New insights come from tracing cells that scar lungs
IPF fills the delicate gas exchange region of the lung with scar tissue, progressively restricting breathing. The Duke University Medical Center researchers have discovered that some commonly held ideas about the origins of the scar-forming (fibrotic) cells are oversimplified, if not wrong.
“We are the first to show that pericytes, a population of cells previously described to play a role in the development of fibrosis in other organs, are present in fibrotic lung tissue,” said Christina Barkauskas, M.D., a pulmonary fellow in the Duke Division of Pulmonary, Allergy and Critical Care Medicine.
The team found that pericytes move from blood vessels into fibrotic regions, and were in the damaged lungs of both humans and mice. In mice, they also showed that the epithelial cells, which make up the lacy sacs called alveoli, could divide and repair the damage in the gas-exchange location, but these cells were not the source of scarring.
Idiopathic pulmonary fibrosis affects about 100,000 people in the U.S. each year and leads to death within three years of diagnosis.
The study was published the week of Nov. 28 in PNAS Plus online edition.
“We don’t know yet whether the pericytes make the scar matrix itself or just release signals that stimulate the scarring process, but either way, they are a potential target for new therapies,” said Brigid Hogan, Ph.D., senior author and chair of the Duke Department of Cell Biology.
The researchers used genetic lineage tracing to study the origin of cells that gathered in fibrotic areas.
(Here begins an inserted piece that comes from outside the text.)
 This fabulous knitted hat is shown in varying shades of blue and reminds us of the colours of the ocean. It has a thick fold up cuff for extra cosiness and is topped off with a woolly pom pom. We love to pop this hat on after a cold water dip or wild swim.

They gave several different cell types an indelible fluorescent tag and then followed the cells over time.
The cells kept the tag even if they multiplied, migrated within the lung, or differentiated into another cell type.
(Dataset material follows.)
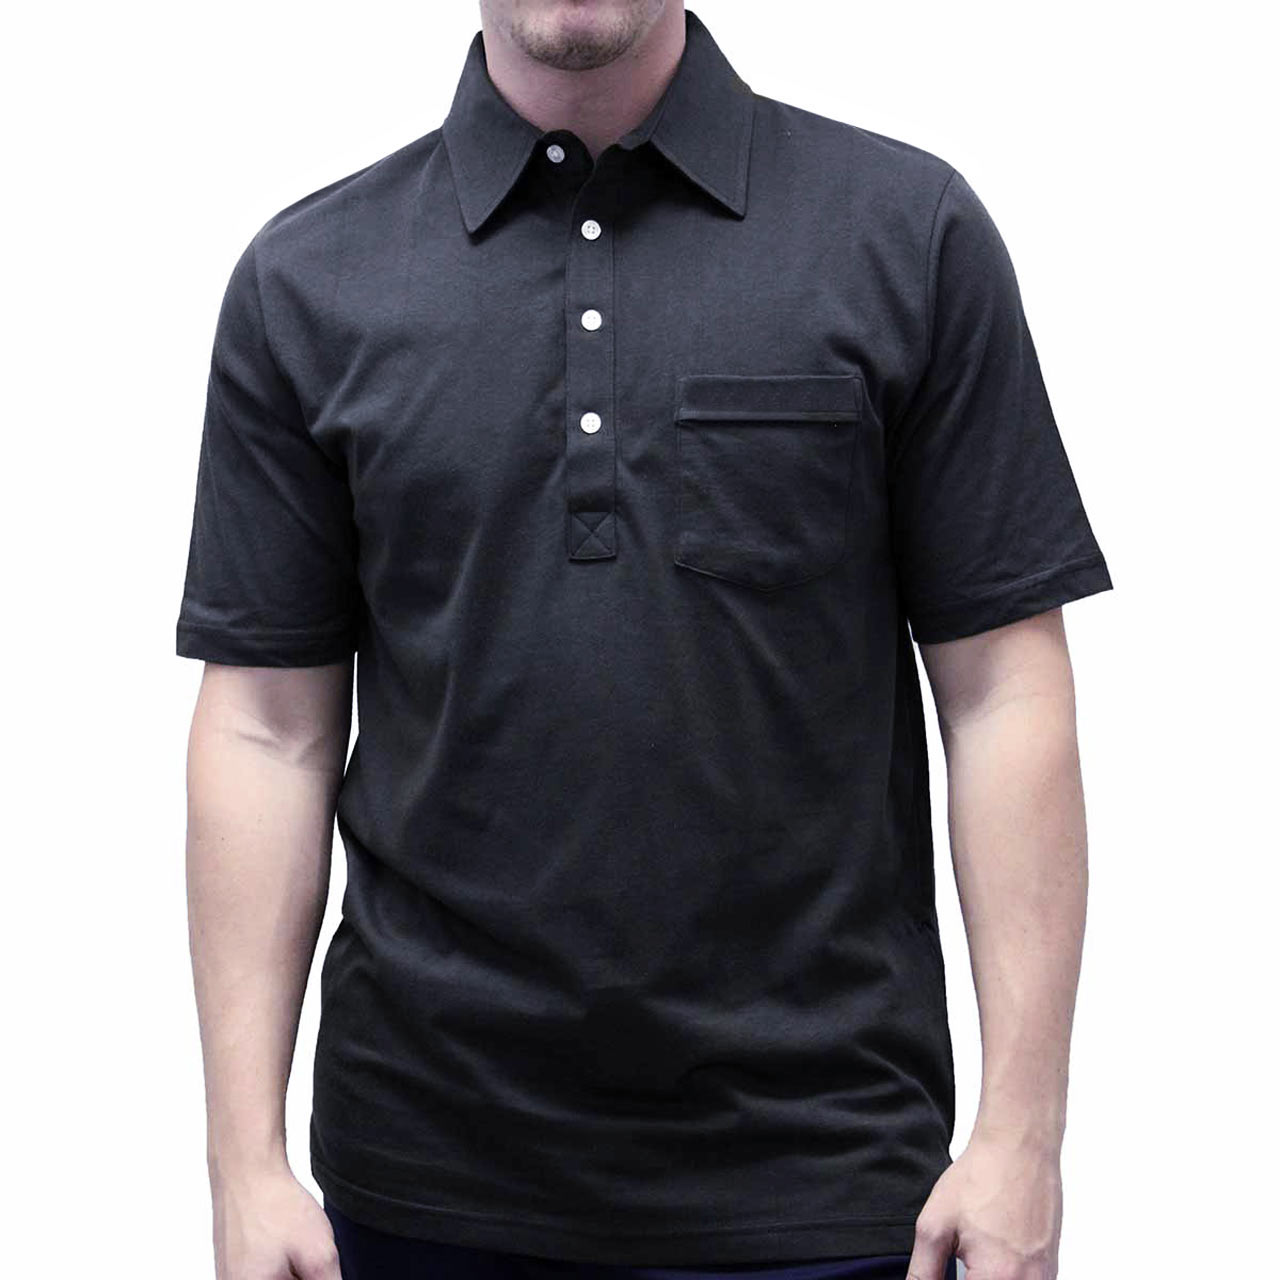 Men's Classics By Palmland Short Sleeve Shirt Open Bottom Solid Polo With Texture #6040, IN 7 COLORS

Paul Noble, M.D., co-author and chief of the Pulmonary Division at Duke, said that identifying the source of the lethal expansion of the scarring (fibroblast) cells is a critical missing link in understanding disease progression.
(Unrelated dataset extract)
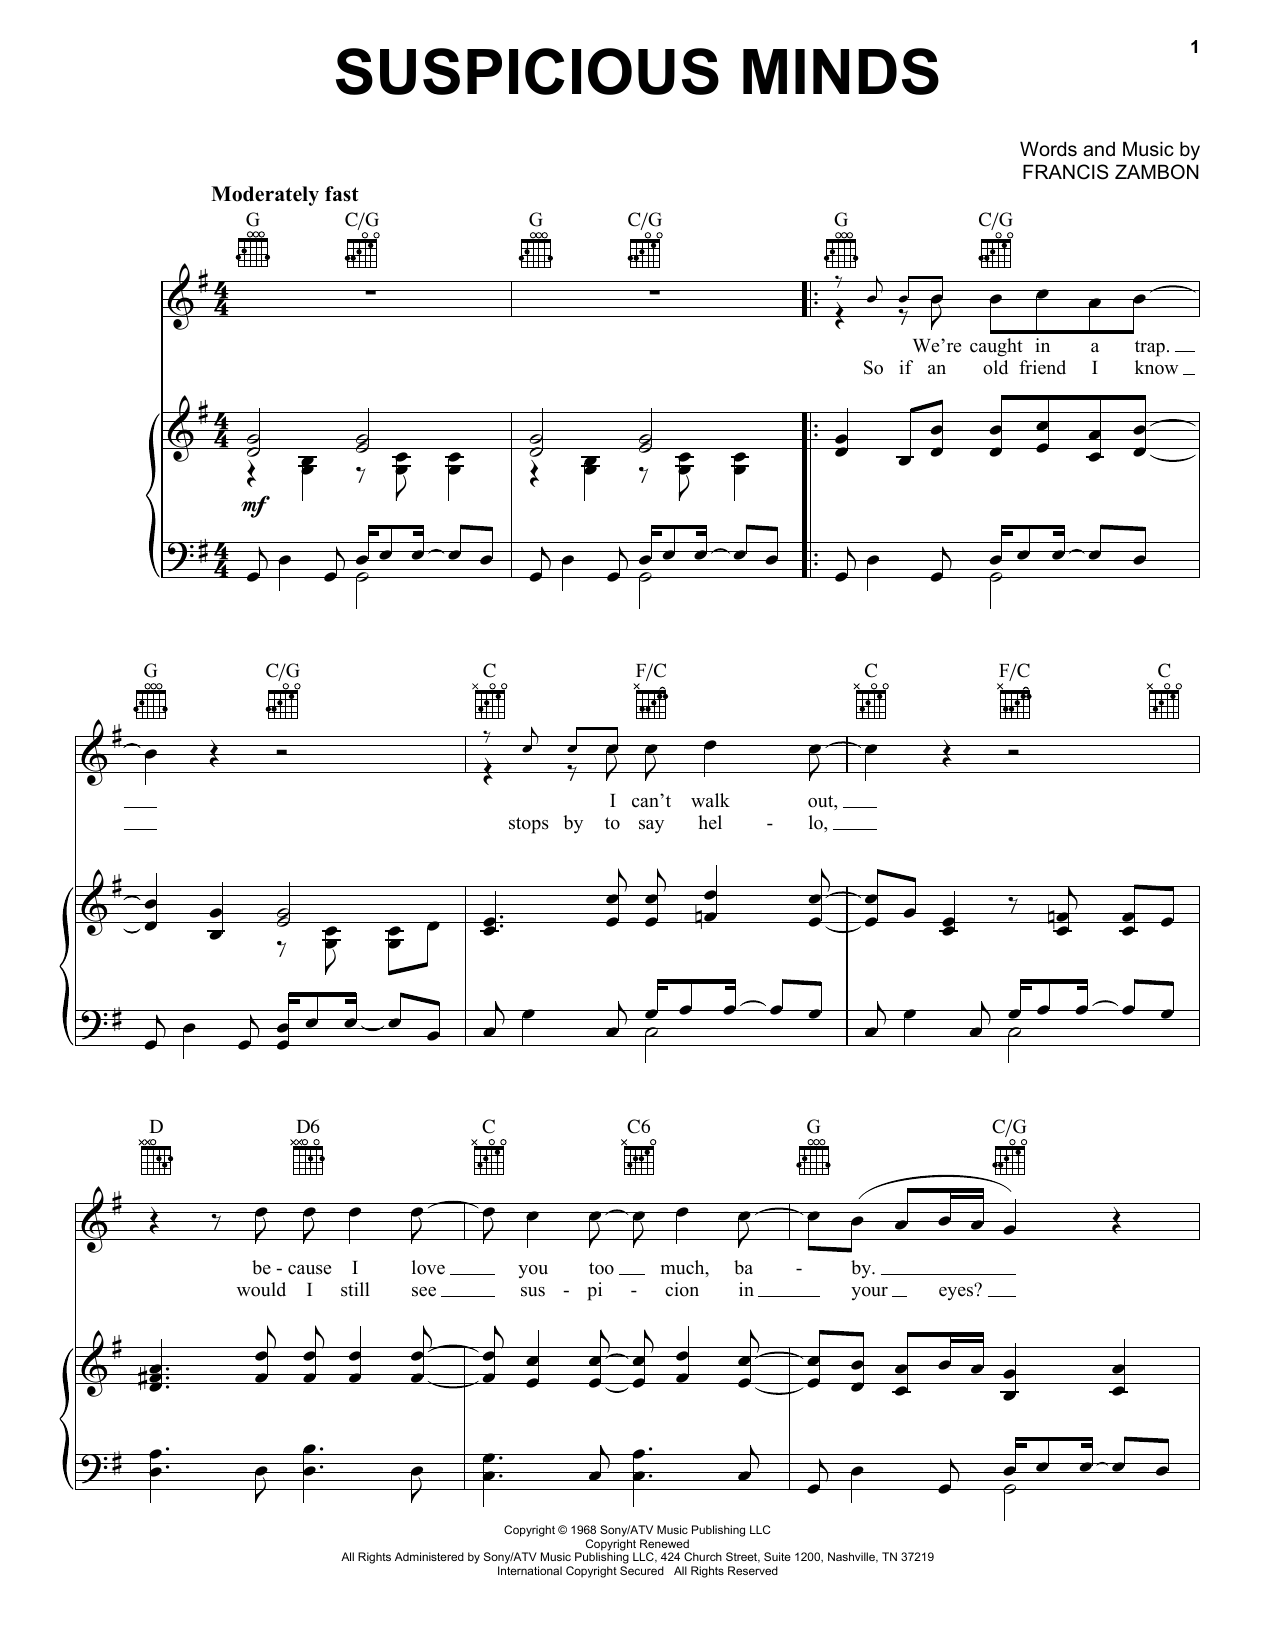 Elvis Presley Suspicious Minds sheet music notes and chords. Download Printable PDF.

Previous studies had suggested that the epithelial cells in the alveoli are a source of fibroblast accumulation after lung injury, he said.
“This study used the newest tracing approaches to conclusively demonstrate, however, that the alveolar epithelium isn’t a significant source for fibroblast accumulation following lung injury in mice,” Noble said. “The studies suggest that there may be several sources for the scar-forming cell accumulation in fibrosis, including pericytes, which hadn’t been implicated in lung fibrosis until now.”
Noble said that the study data provide new insights into the sources of scar-forming cells and would help to target the correct cell population that causes disease progression.
Now the researchers are focusing on what these cells may make that could promote a healing process. “One idea is that perhaps in IPF these epithelial cells have lost the ability to repair damage to the lung, so that scarring continues inexorably and cannot be restrained – perhaps we could find a way to assist the repair process,” Hogan said. “Promoting the healing process might be another therapeutic approach.”
Other authors include Jason R. Rock and Yan Xue of the Duke Department of Cell Biology; Michael J. Cronce and Jiurong Liang of the Duke Division of Pulmonary, Allergy and Critical Care Medicine; and Jeffrey R. Harris of the Duke Division of Cellular Therapy. Jason Rock is now with the University of California — San Francisco.